Page MenuHomePhabricator

[Analytics] Baseline metrics for data dumps
Closed, ResolvedPublic

Description

Wikidata Analytics Request

This task was generated using the Wikidata Analytics request form. Please use the task template linked on our project page to create issues for the team. Thank you!

Purpose

We need the following baseline metrics for data dumps per month:

  • # downloads (full v partial across the different types)
  • # downloads per unique ip x user agent
  • # unique user agents
  • Size of a full data dump in GB

Desired Outputs

Please list the desired outputs of this task.

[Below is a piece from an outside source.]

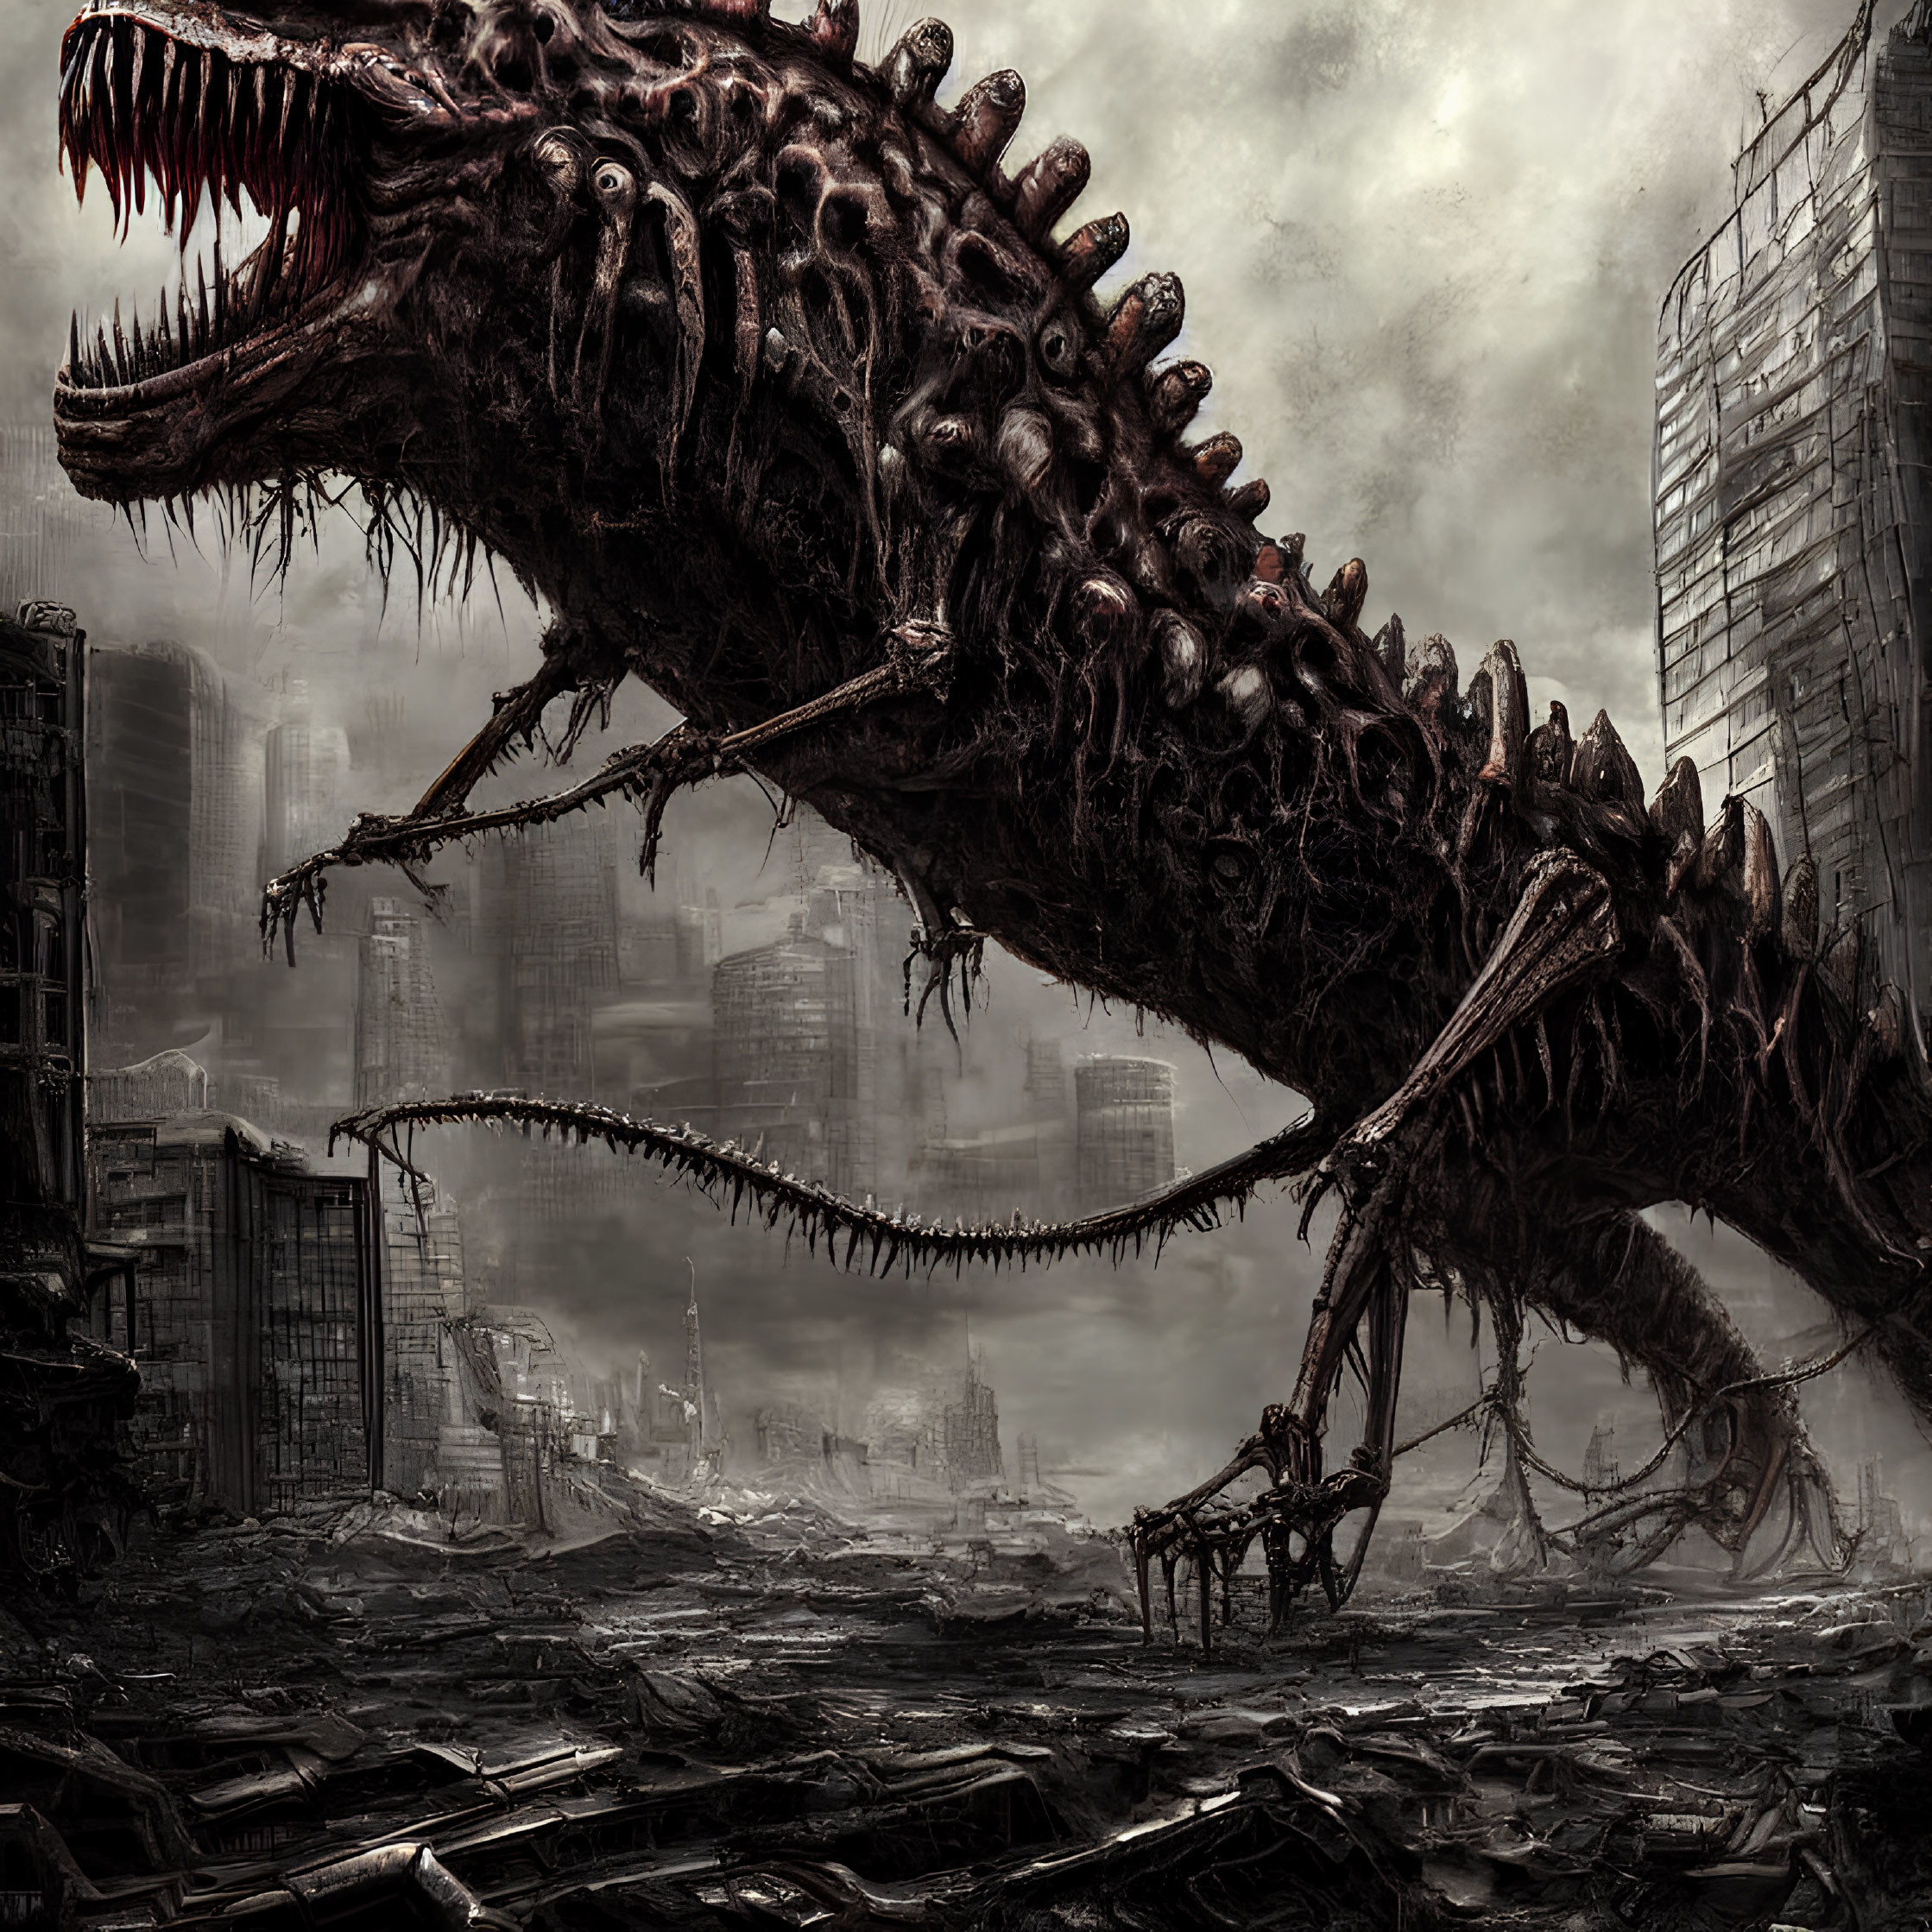 Monstrous creature with sharp teeth in post-apocalyptic cityscape

Baseline metrics for Wikidata data dumps

Deadline

Please make the time sensitivity of this task clear with a date that it should be completed by. If there is no specific date, then the task will be triaged based on its priority.

04.08.2025


Information below this point is filled out by the task assignee.

Assignee Planning

Sub Tasks

A full breakdown of the steps to complete this task.

  • Explicitly define the metrics needed
  • Write all create table queries for the DAG jobs
  • Write all the computation queries for the DAGs
  • Test query processes in local DB schema
  • Write DAG(s)
  • Test DAG(s)
  • Deploy DAG(s)

Estimation

Estimate: 2-3 days
Actual:

Data

The tables that will be referenced in this task.

  • link_to_table

Notes

Things that came up during the completion of this task, questions to be answered and follow up tasks.

  • Note

Event Timeline

Ifrahkhanyaree_WMDE renamed this task from Baseline metrics for data dumps to [Analytics] Baseline metrics for data dumps.Jul 17 2025, 8:54 AM

Hallo halloo, just checking - would you have an idea of when I could have these numbers by?

Hellooo 👋 We just heard back that T403159 will still be a bit, so this will need to be a recurring task that done manually. I'd been hoping that the work for this could be a DAG. I'll try to get the notebook set up and get the first few months of data by EOW or early next week at the latest as I've been able to make a lot of progress on the ones that jumped ahead of this one :)

That sounds good! If I get some data for the last few months of this year, then I can use that to come up with a KR for next year. After that there's no urgency to this ticket, so no worries

Moving this into In Review :)

As of now we can't do a DAG for this process, so I'll be manually running a process defined in T399808_wd_dump_metrics.ipynb. We need to get the logs from stat1011, and then a process is ran to generate the data for the wmde.wd_dump_request_metadata_monthly and wmde.wd_dump_metrics_monthly tables. This information has since also been displayed on the wmde_wd_dump_metrics_monthly Superset dashboard.